A consortium of software companies, including JIT and Orca Security, has launched Opengrep, a fork of Semgrep’s open-source software, in response to licensing changes for rules provided in the OSS version.
Semgrep CE (formerly Semgrep OSS) itself was forked in 2019 from an earlier project written by Facebook. It is a Static Application Security Testing (SAST) tool for analysing source code or compiled code to find security flaws, with over 11,000 stars on its GitHub repository.
The key motivation behind the new Opengrep fork is the change to the license for rules submitted to Semgrep CE, via the semgrep/semgrep-rules repository. This license now prevents rules submitted to the project from being used in other commercial products unless explicitly authorised by Semgrep.
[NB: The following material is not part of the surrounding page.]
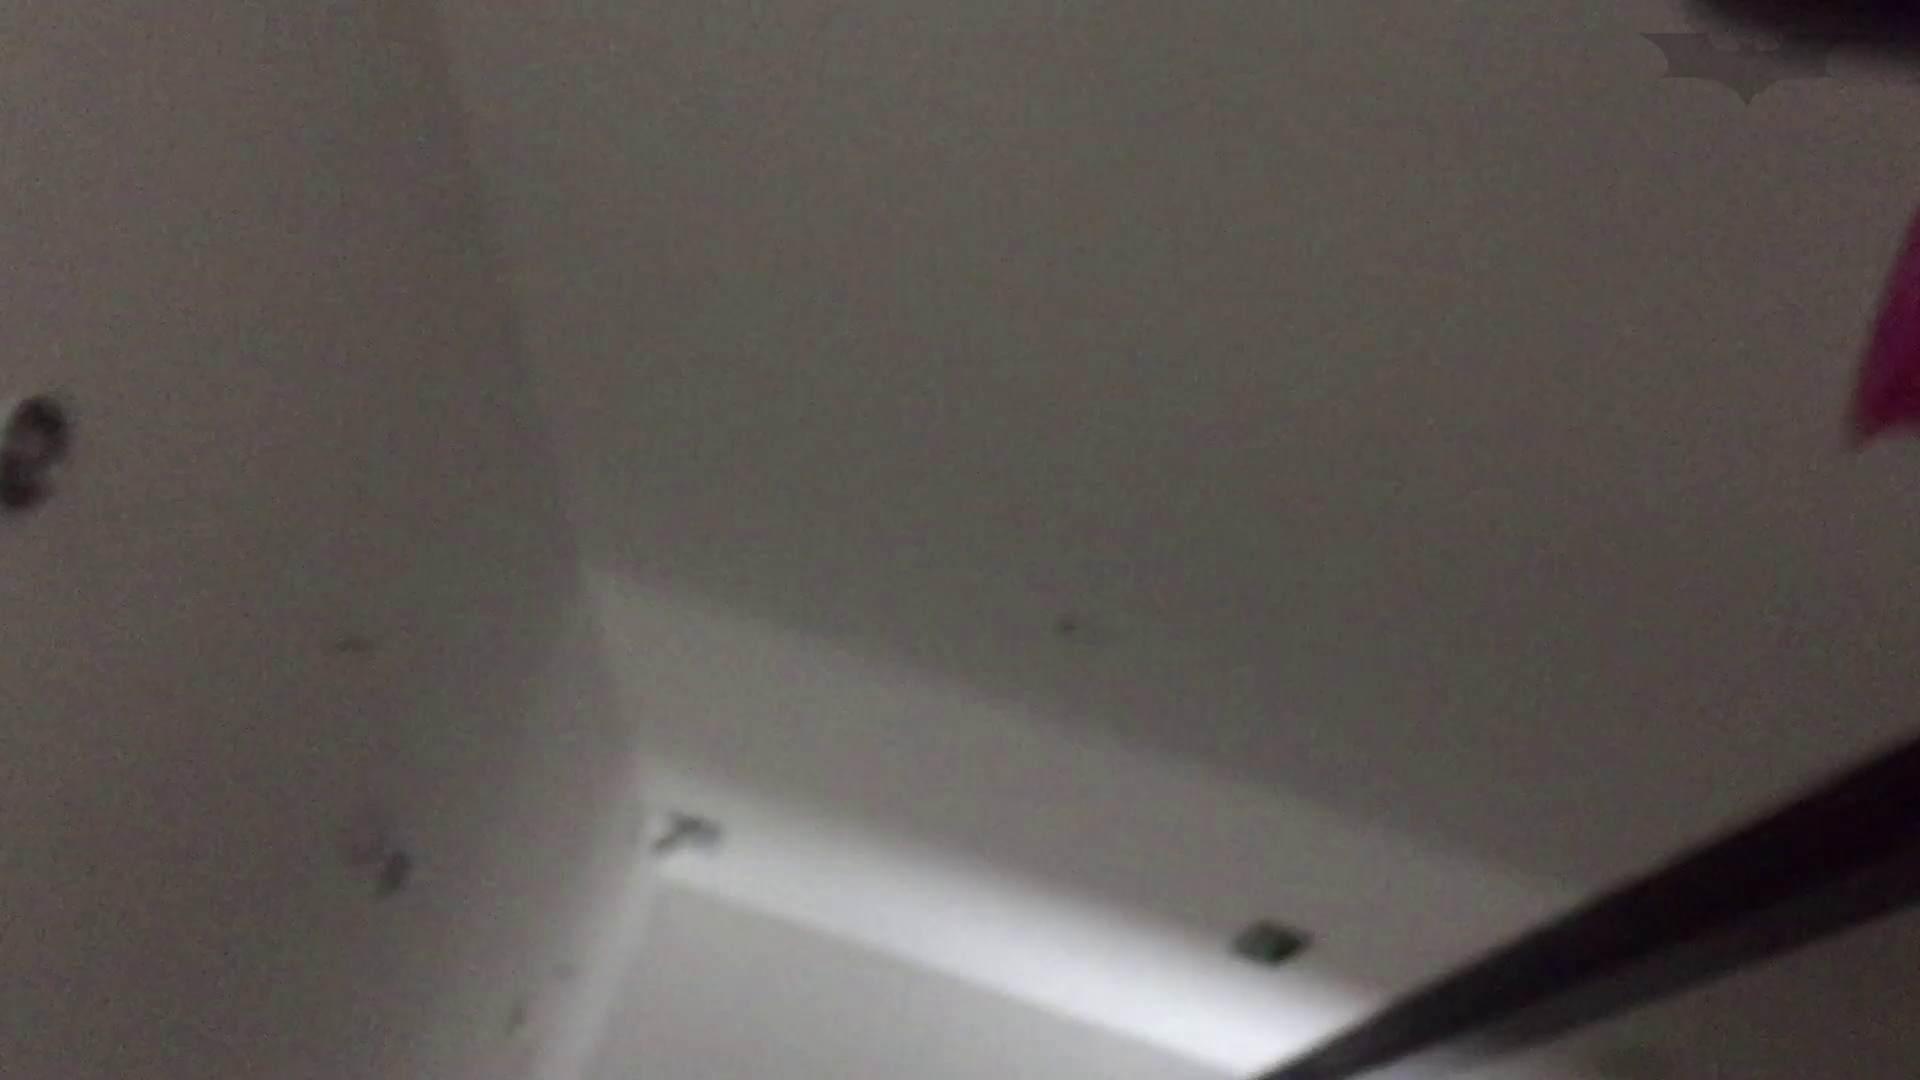 JD盗撮 美女の洗面所の秘密 Vol.74 美女 ぱこり動画紹介 52画像 38
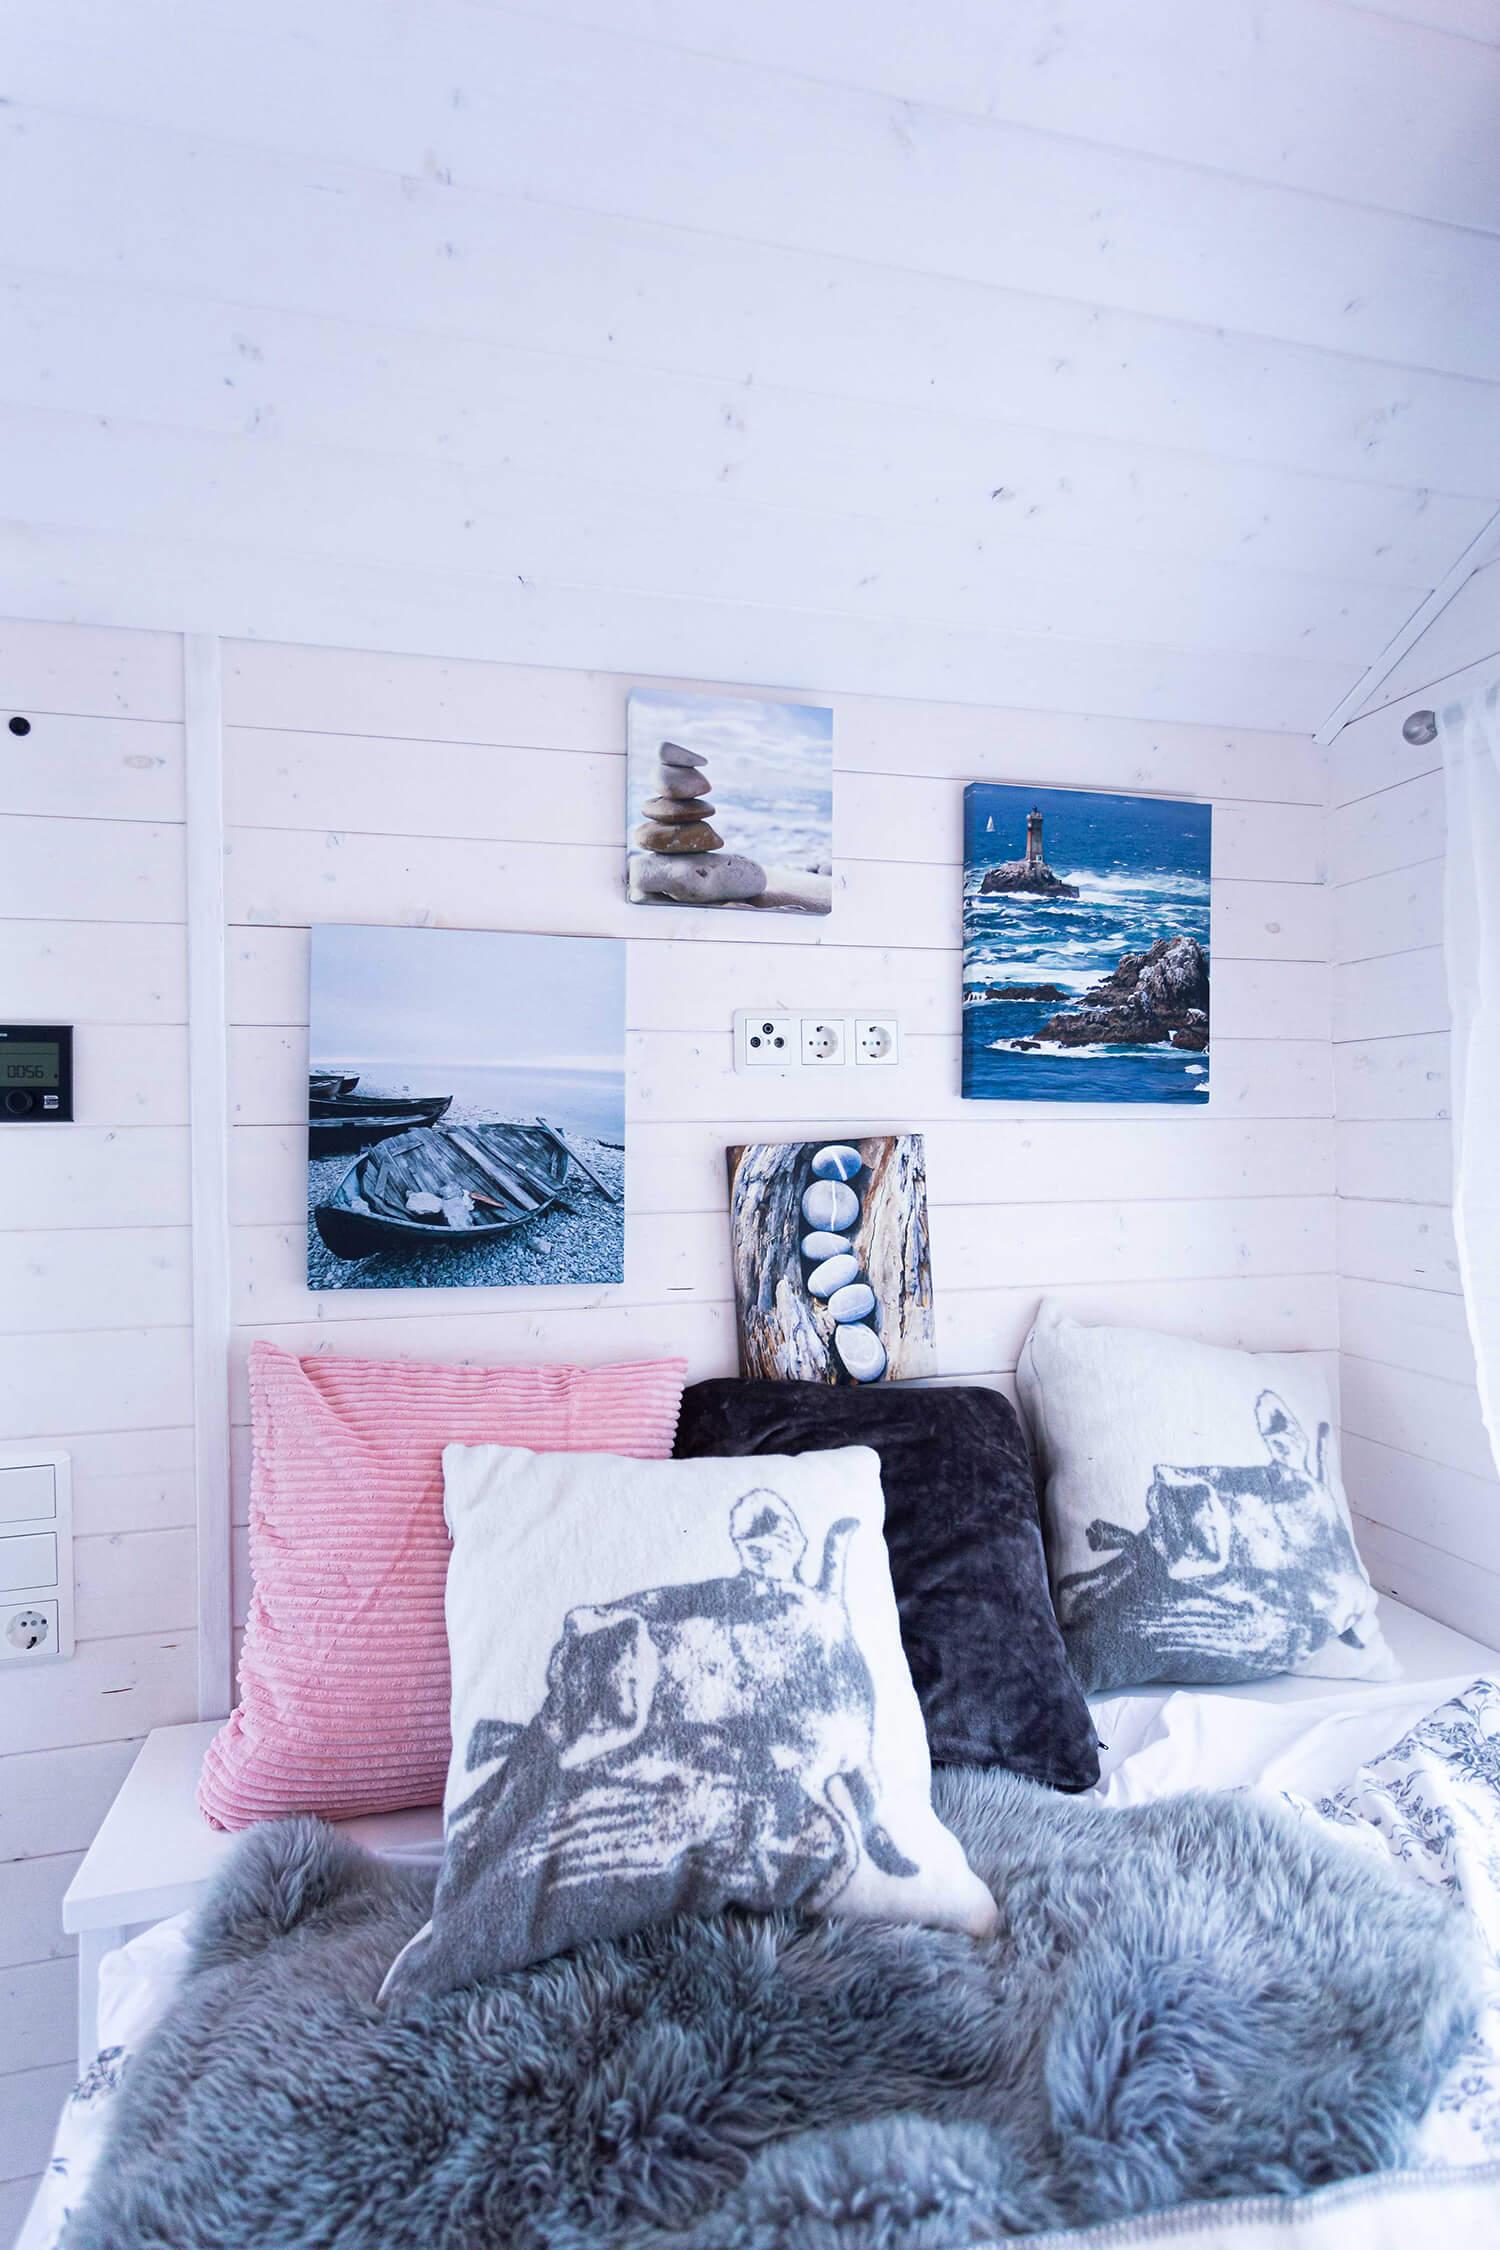 mobiles-tiny-house-kueste-vital-camp-gmbh33

The stated goals of the forked project are to keep the engine and rules for the project open and transparent, with an open merit-based contribution system, and to restore access to features that are now restricted to the paid versions of Semgrep, with community commentary from Reddit users “confusedcrib” and “darrenpmeyer” suggesting that functionality such as fingerprints and meta-variables have been moved from the OSS version to the paid-for version.
The Opengrep manifesto points to parallels between Semgrep’s license change and that of others in recent history. Explaining how the community responded by forking the projects, the manifesto explains: “When Elasticsearch switched its licensing strategy, halting new open-source versions of Elasticsearch and Kibana, AWS stepped up to launch OpenSearch. When Hashicorp pulled the plug on Terraform open-source, the community came together with Opentofu”.
Semgrep’s founder and CPO Luke O’Malley has responded to this criticism, clarifying that Semgrep OSS itself remains open source, under the LGPL 2.1 license, and the change in the license for the rules repository was in response to several companies redistributing the rules repository, contravening the existing license. O’Malley goes on to explain that end users and companies using Semgrep OSS for their own purposes are unlikely to be affected by the new license.
TL;DR: If you’re using Semgrep without bundling and reselling it, you should be unaffected by our recent changes.
– Luke O’Malley
A blog post by Mark Curphey on crashoverride.com is critical of the forking. Curphey defends Semgrep, arguing that the fork wasn’t justified and represents opportunistic behaviour from companies that haven’t historically contributed to the project.
[…] a consortium is an organization of several businesses or banks joining together as a group for a shared purpose. Seems accurate, but I don’t think the shared purpose is for the good of the community or altruistic open-source value.
– Mark Curphey
He disputes claims that Semgrep performed an “open-source rug-pull”, and supports Semgrep’s open-core business model, where the core scanner is free while additional features are monetised. Other commentators are similarly unconvinced; writing on Reddit, Gullible-Chemist1794 says “I just don’t see this succeeding because all the companies supporting opengrep are competitors of each other, and most of them are VC invested companies, sooner or later there will be conflict of interests”.
Writing on BlueSky, Josh Grossman hopes for collaboration between the two camps: “Personally I really hope that Opengrep and Semgrep can work together on a community maintained engine with strong support from multiple vendors, whilst also respecting Semgrep’s commercial rights”.
The Opengrep manifesto closes by detailing what’s in it for users – promising a more capable scanning engine which doesn’t hide functionality behind a login, and full backward compatibility with open standard JSON and SARIF outputs. Responding to likely criticism that a consortium of software vendors manages the project, they also give long-term assurance that future improvements won’t be locked into any of those vendors.
An open roadmap session for Opengrep is scheduled for 27th February 2025, with more information available at opengrep.dev.